RE: Deconversion and some doubts
August 1, 2019 at 7:22 pm
(This post was last modified: August 1, 2019 at 7:23 pm by Acrobat.)
(August 1, 2019 at 2:54 pm)Abaddon_ire Wrote:(August 1, 2019 at 11:11 am)Acrobat Wrote: If atheists where mindful of what theism contained they’d be more like Belaqua, than Gae.Bel is not an atheist.
As far as I know Bel lacks a belief in God, which seems to be the minimum requirement for atheism.
Quote:(August 1, 2019 at 11:11 am)Acrobat Wrote: It’s not all that surprising that most atheists seem to have an understanding of theism reserved almost exclusively to fundie evangelical views.You seem to think that merely using different words, you can cleverly disguise your rather obvious theism.
I'm not trying to disguise my theism, I'm a theist. It's atheists who like to tell me my beliefs are not theistic, though you seem to indicate they're obviously theistic.
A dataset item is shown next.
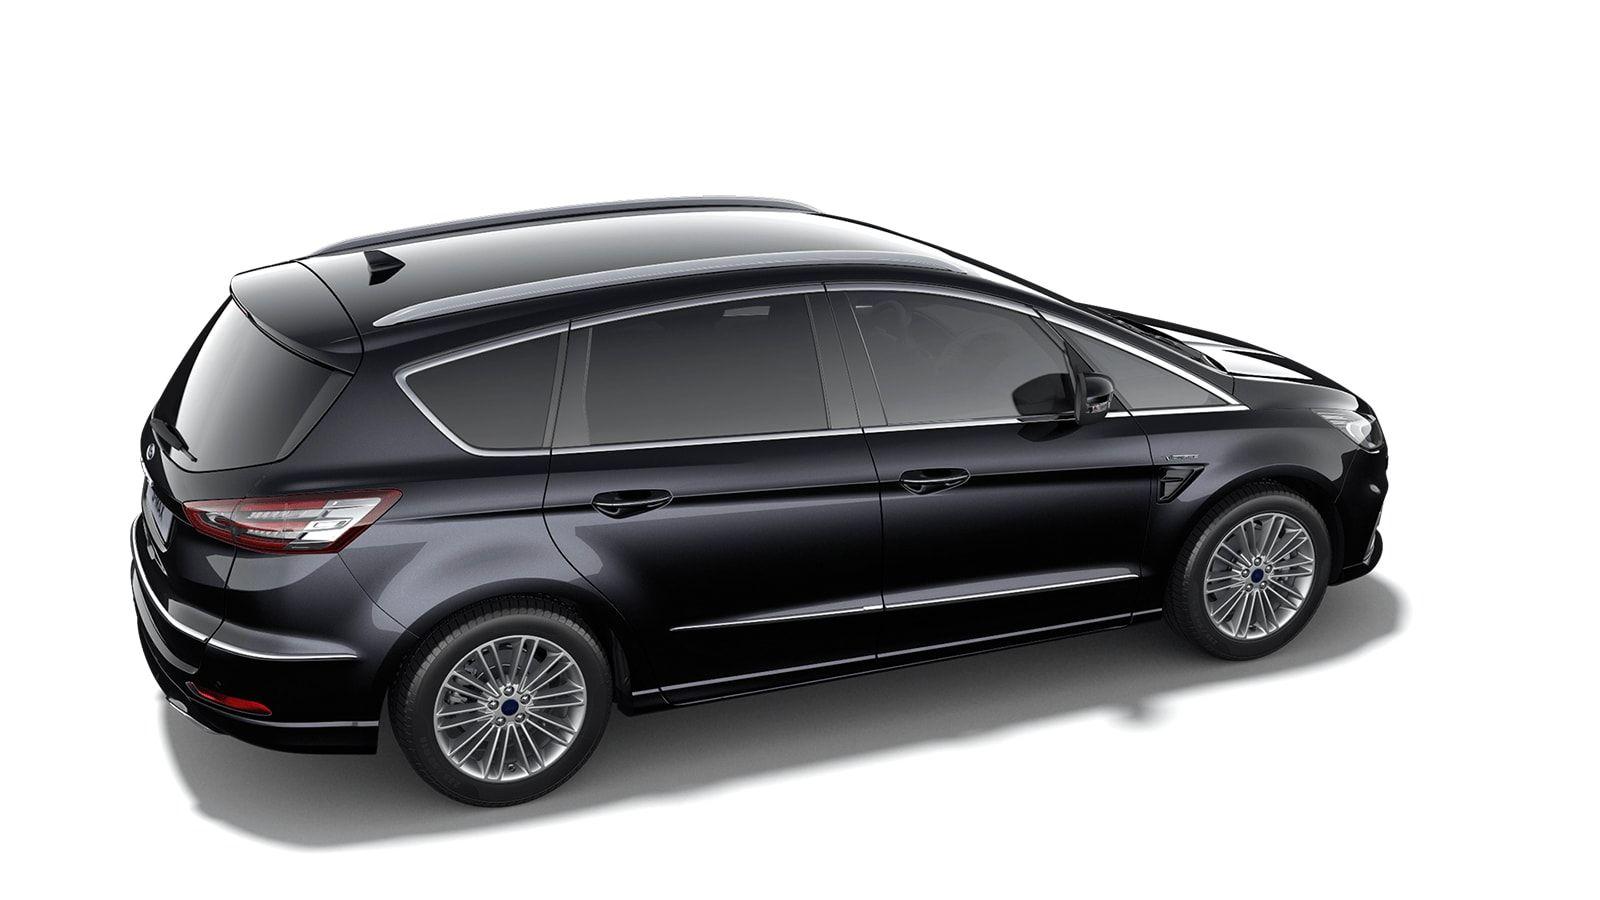 "Nieuw Ford S-max Vignale 2.0 TDCi 190pk / 139kW Auto-Start-Stop A8 - 5d 9I6 - ""Agate Black Vignale"" metaalkleur 3"

Quote:So pare it back to bare bones. You agreed that stealing is bad. Why is it bad? Because you simply decided so? Because society decided so? Some other reason?
I didn't decide that stealing is bad, nor did my society decide it's bad. Good and bad are matters of objective truth, not some arbitrary decisions. We recognize things that are bad, we don't decide it, just like I don't decide the sun is out this morning, I recognize it.
Perhaps the question could be what is my earliest recognition that stealing is bad, probably the first time i saw stealing, or had my stuff stolen. No one needed to tell me it was bad, as if someone didn't along the way, I wouldn't have recognized this.
As far as what makes bad things bad?
I don't have an enough answer for why it's bad. This is not dodging the question, its just that I'm not that sure about it.
Most people here would probably provide some sort of harm based, or consequentialist answer, and others another sort or the other. No matter what explanation/rationalization someone gives, it seems to me that our brains recognize whats bad about stealing by the same basis, even if none of us particulary understand those reasons, or how our minds derived this. The explanations we often provide appear to be made after the fact.
A toddler might recognize stealing is wrong, absent of any such theories. Its not based on any real sort of consequetialist rationalization, in fact there seem to very little processing done between recognizing stealing, and see it as bad. This seems to take place simultenously. And I dont think that changes as we get older either.
An accurate explanation would have to be able to take account of this, and none of the popular moral theories appear to do so, nor do I have much a good explanation to offer you.